Legacy as a whole is a mess at the minute because we have a previous political agreement the British Government has reneged on. It is exceptionally cruel. No matter where in the world a family is from or who in the world their loved one was, if they mourn and demand answers for the circumstances surrounding the killing of a loved one, they deserve that. They deserve it, no matter who they are and no matter what the circumstances are. The sooner we deal with legacy in our society, the better. My mother has described it previously as a very deep wound and that is apt. Legacy remains a very deep wound in our society. One does not treat a deep wound by putting a sticking plaster over it. If one does that, the wound festers, gets infected, gets poisonous, bursts and seeps out. The way to heal a deep wound, no matter how painful, is to go to the root of the wound and treat it. Legacy will be the same. It will be difficult. Nobody underestimates how difficult it will be but believe me, my family is ready to deal with it. The other families that I speak to, who have suffered loss, are also ready to deal with it.

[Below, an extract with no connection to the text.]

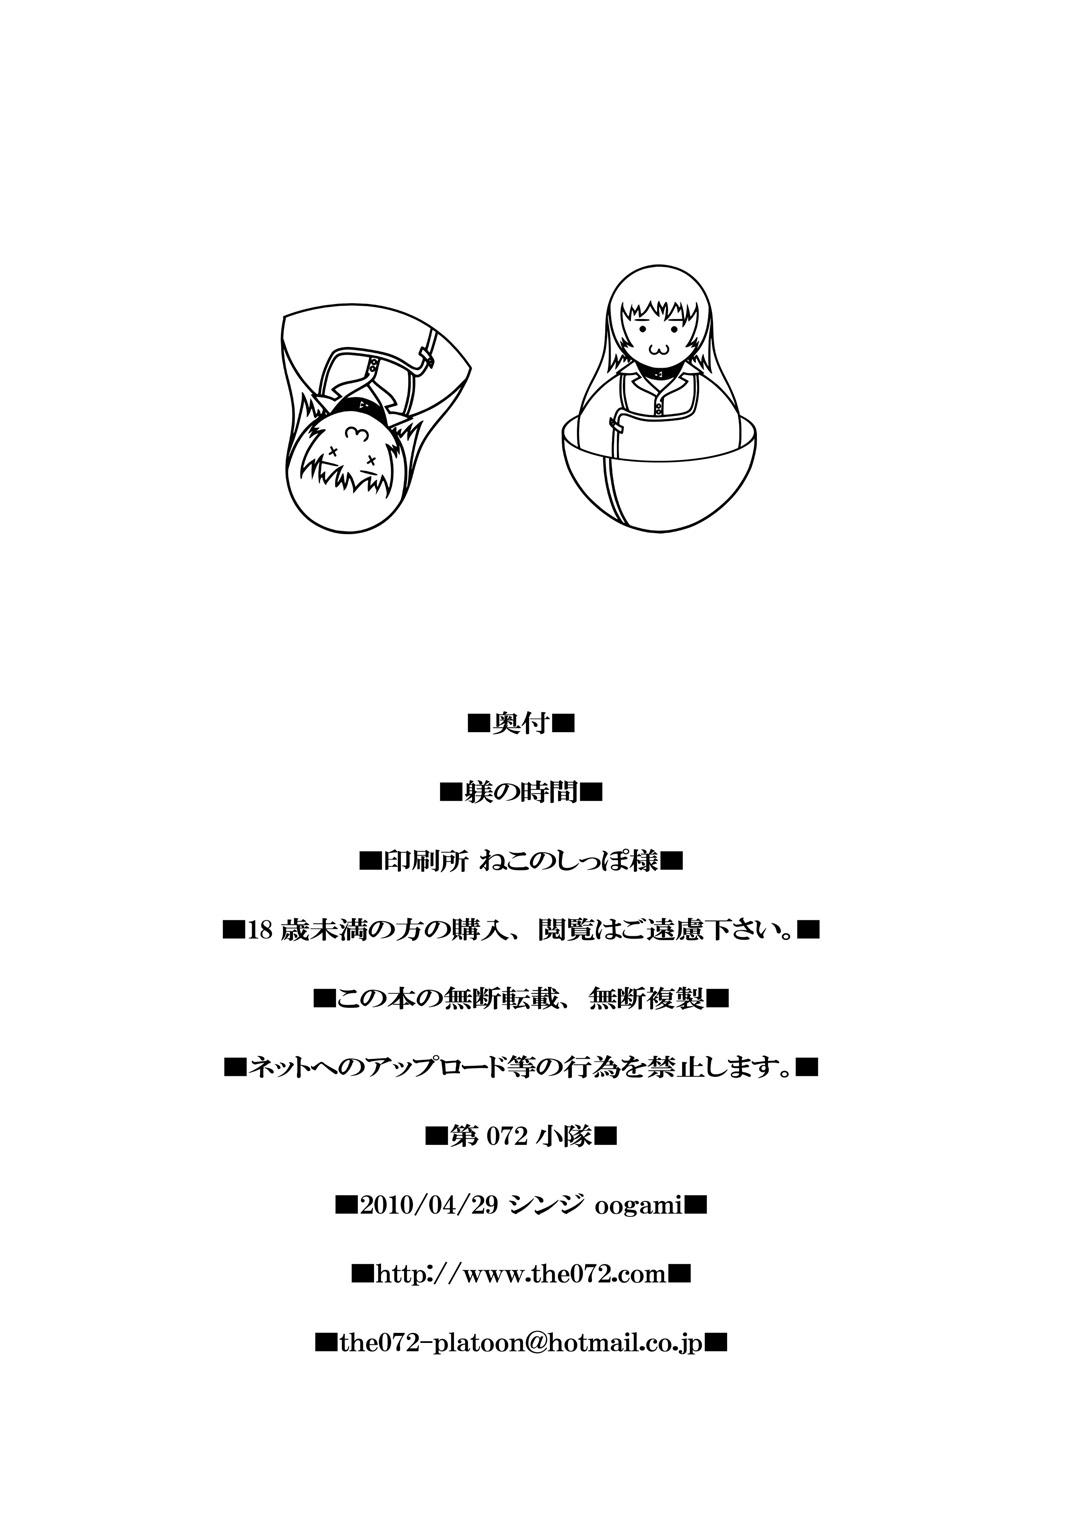 Gordibuena Shitsuke no Jikan - Seikon no qwaser Perra - Page 22

At this time it is incumbent on the British Government to heed the words of my family but if it continues to ignore my family, then it needs to listen to those around the world who continue to support us. Just this morning, a US congressional letter with 24 signatures was sent to the British Prime Minister. We are, again, very grateful for that support, which was forthcoming within a very short space of time. We have a president-elect who was previously the chairman of the US foreign relations committee when a motion that began its political life in this House worked its way across the Atlantic and received bipartisan support in both Houses of Congress, including from the then Senator, Joe Biden. The British Government needs to heed and read the room in terms of where this issue is going. It is not going away. As my mother said and as Senator Ó Donnghaile very eloquently put it in the Seanad last night, we are no longer interested in who pulled the trigger; we want to know who pulled the strings. It is now time for the British Government to live up to the promises it made previously.